And then, Tuesday night, we learned that eight of our neighbors were killed in a heinous act of violence -- violence that has no place in the state of Georgia or in the United States of America. And we were reminded, yet again, that the crises we face are many; that the foes we face are many.
As the President and I discussed with our AAPI community in a meeting earlier today, whatever the killer's motive, these facts are clear: Six out of the eight people killed on Tuesday night were of Asian descent. Seven were women. The shootings took place in businesses owned by Asian Americans. The shootings took place as violent hate crimes and discrimination against Asian Americans has risen dramatically over the last year and more.
In fact, over the past year, 3,800 such incidents have been reported -- two of three by women -- everything from physical assaults to verbal accusations. And it's all harmful, and sadly, it's not new.
Racism is real in America, and it has always been. Xenophobia is real in America, and always has been. Sexism, too. In the 1860s, as Chinese workers built the transcontinental railroad, there were laws on the books, in America, forbidding them from owning property. In the 1940s, as Japanese American soldiers defended our nation, more than 120,000 Japanese Americans were forced to live in internment camps -- an obvious and absolute abuse of their civil and human rights.

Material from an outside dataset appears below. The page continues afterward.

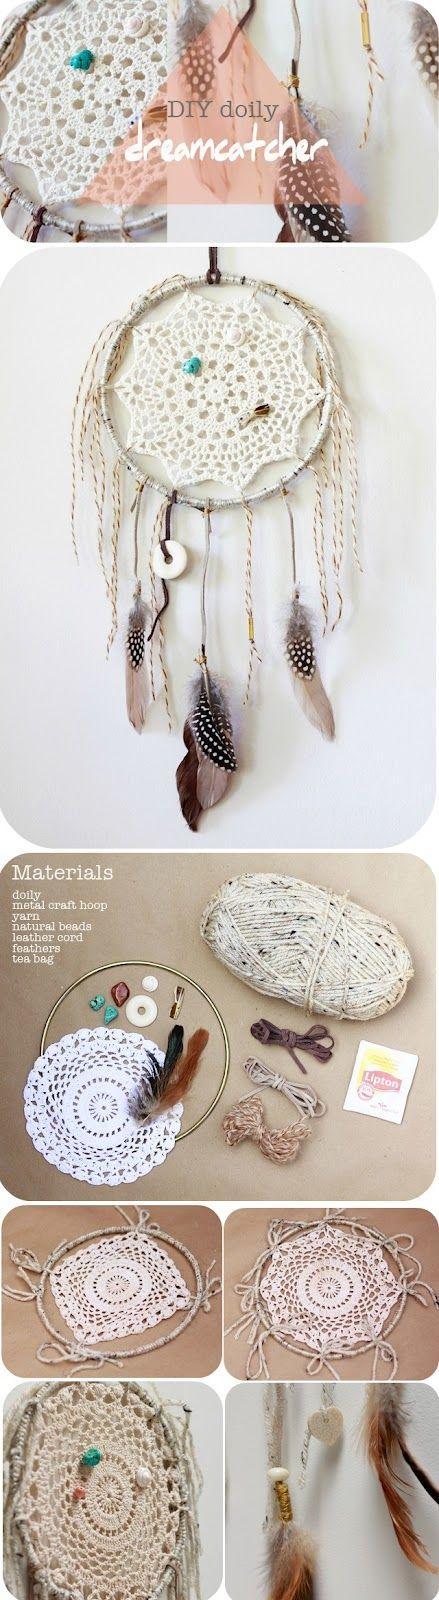 #candles #basket #hanging #dangle #beads #inspiration #horror #spooky #halloween #gothic #dried #fruit #dreamcatcher #hammock #chair #wreath #masonjar #birdcage #reupholster #clock #space #meditation #painting #lamp #nature #mirror #decoration #frame #doormat #bottle #light #alter #nerd #geek
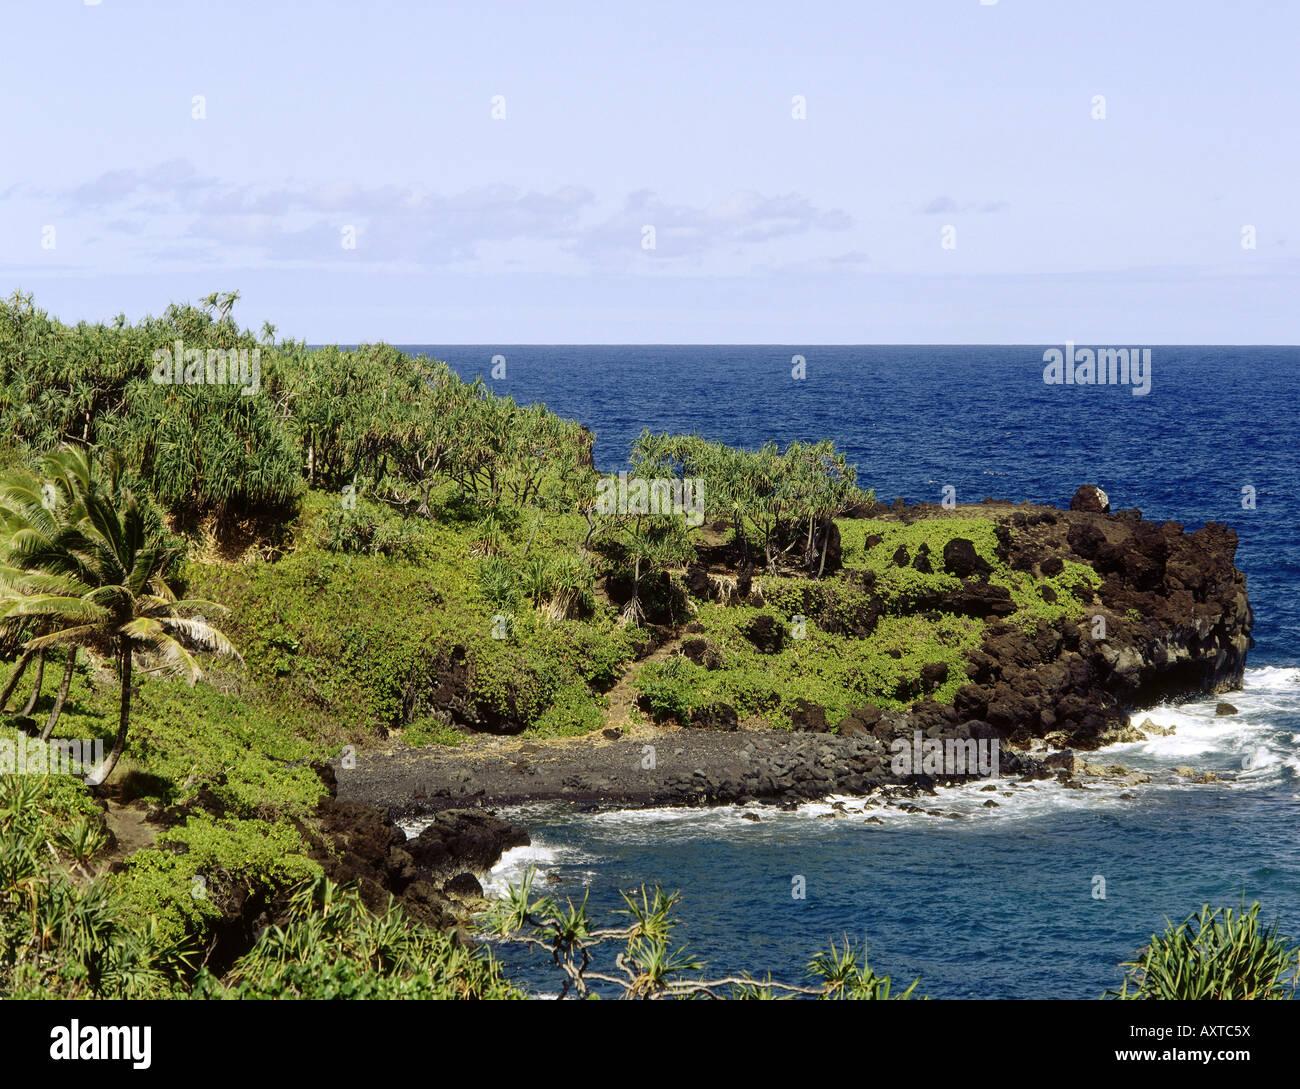 geography / travel, USA, Hawaii, Maui Island, Wainapanapa landscape, landscapes park, shoreline coast, coastline, Stock Photo

Asian Americans have been attacked and scapegoated. People who are perceived as Muslim know what it was like to live in our country after 9/11. For the last year, we've had people in positions of incredible power scapegoasing [sic] -- scapegoating Asian Americans. People with the biggest pulpits spreading this kind of hate.
Ultimately, this is about who we are as a nation. This is about how we treat people with dignity and respect. Everyone has the right to go to work, to go to school, to walk down the street and be safe, and also, the right to be recognized as an American -- not as the other, not as them, but as us.
A harm against any one of us is a harm against all of us. The President and I will not be silent. We will not stand by. We will always speak out against violence, hate crimes, and discrimination, wherever and whenever it occurs.
And it is now my great honor to introduce the President of the United States, Joe Biden.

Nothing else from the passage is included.